Social Engineering (2, Insightful)

duplicitious (987818) | more than 6 years ago | (#21243471)

Old con, it shows how trusting people can be, but shouldn't.

They must be good (5, Funny)

Sockatume (732728) | more than 6 years ago | (#21243473)

They managed to walk right into the front page of Slashdot with no resistance whatsoever.

Seatech Astronomy (0)

Anonymous Coward | more than 6 years ago | (#21243537)

Which is an anagram of Slashvertisement.

Re:Seatech Astronomy (1)

Sockatume (732728) | more than 6 years ago | (#21243651)

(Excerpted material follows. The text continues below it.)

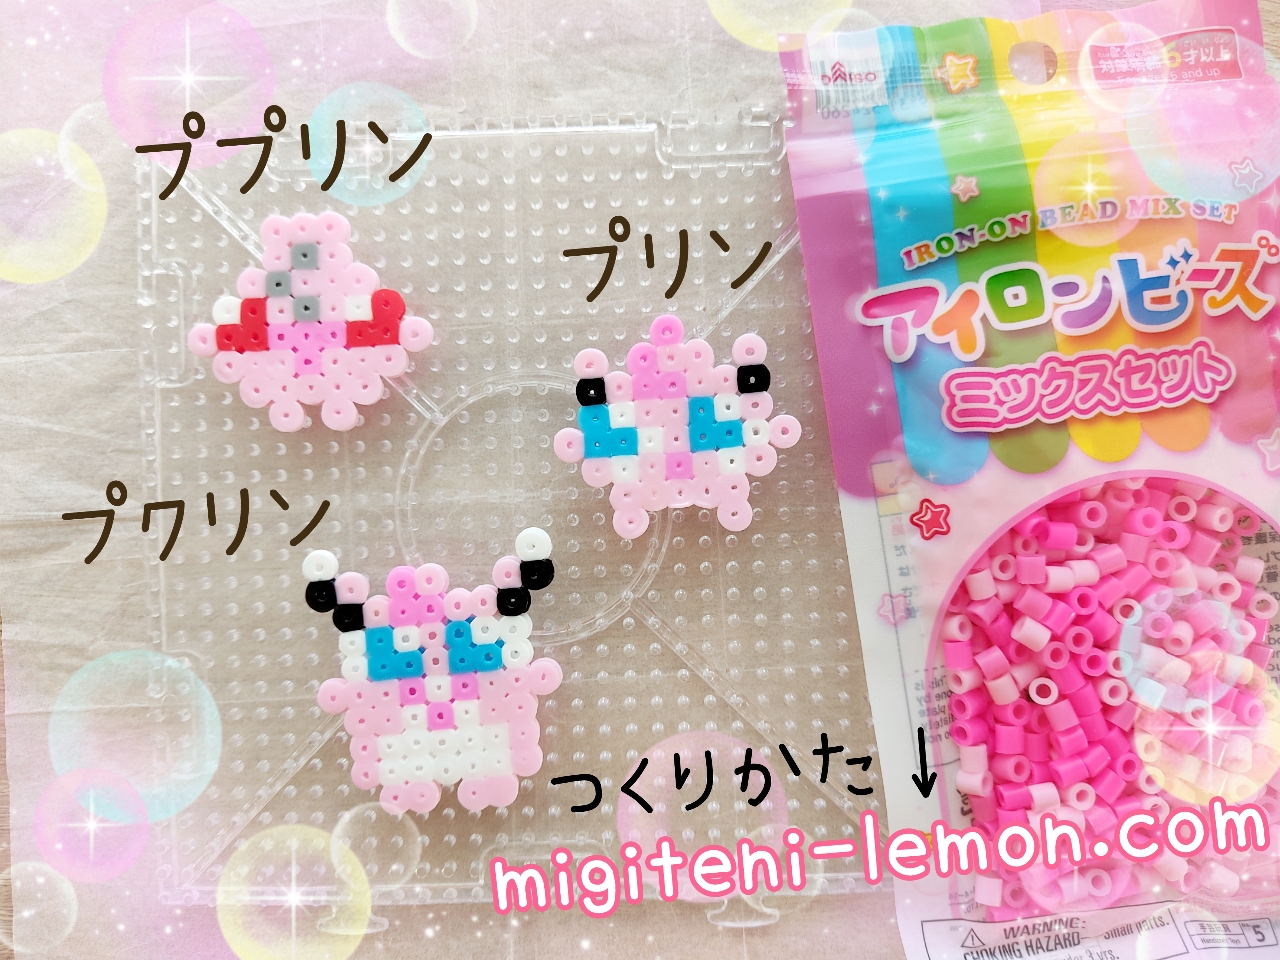 pupurin-igglybuff-purin-jigglypuff-pukurin-wigglytuff-pokemon-handmade-beads

If the company was called "Seatech Astronomy", you'd have a really amazing joke there.

Re:Seatech Astronomy (0)

Anonymous Coward | more than 6 years ago | (#21243679)

Nitpick: Setec Astronomy.

Re:Seatech Astronomy (1)

andreyvul (1176115) | more than 6 years ago | (#21243717)

there is no 'v' in Seatech Astronomy, therefore you are incorrect.

Re:Seatech Astronomy (1)

afabbro (33948) | more than 6 years ago | (#21246201)

Sorry, it's not...but try again here [wordsmith.org] .

Sneakers (4, Funny)

underwhelm (53409) | more than 6 years ago | (#21243543)

The article is ok... but the movie adaptation is a thrill ride!

Re:Sneakers (1)

martin_b1sh0p (673005) | more than 6 years ago | (#21244727)

Great! Thanks a lot! Now everyone knows what my nick means...

Blech (1)

Lurker2288 (995635) | more than 6 years ago | (#21245043)

A thrill ride? I thought it had too many secrets.

Waste of kilobytes (2, Insightful)

Major Blud (789630) | more than 6 years ago | (#21243577)

This article was a complete waste of time. No details were layed out for us; my favorite was when they said they "could have" plugged in a wireless access point to the server rack. Without actually trying it, they didn't prove dick....for all we know their network may not have allowed unknown MAC addresses. It was all a bunch of "we could have" done this, or "could have" done that. Just do it for god's sake! Just walking into the server room and putting stickers on a server doesn't prove that you actually could have walked off with it. Just saying that you "could have" disabled the alarm system doesn't really mean that you wouldn't have caught someone's attention.

Re:Waste of kilobytes (1)

Ragein (901507) | more than 6 years ago | (#21243759)

The company might not have allowed them to test this far, remember they are testing clients not actually ripping the place off.

Moderated -1 "Blatant advertising" (4, Informative)

Bagheera (71311) | more than 6 years ago | (#21243589)

Penetration testers doing their job: Film at 11.

Seriously, while it's not an entirely bad article on a penetration test, this is nothing but a shameless plug.

Re:Moderated -1 "Blatant advertising" (4, Funny)

spun (1352) | more than 6 years ago | (#21243861)

Penetration testers doing their job: Film at 11.
Normally, CineMax doesn't show that type of film until after midnight...

#1 cause is underpaid IT staff. (3, Interesting)

Lumpy (12016) | more than 6 years ago | (#21243647)

first server room access should be limited to a very short list. and nobody on that list should be so underpaid they would stupidly let someone in there without at least 2 sets of eyes on them.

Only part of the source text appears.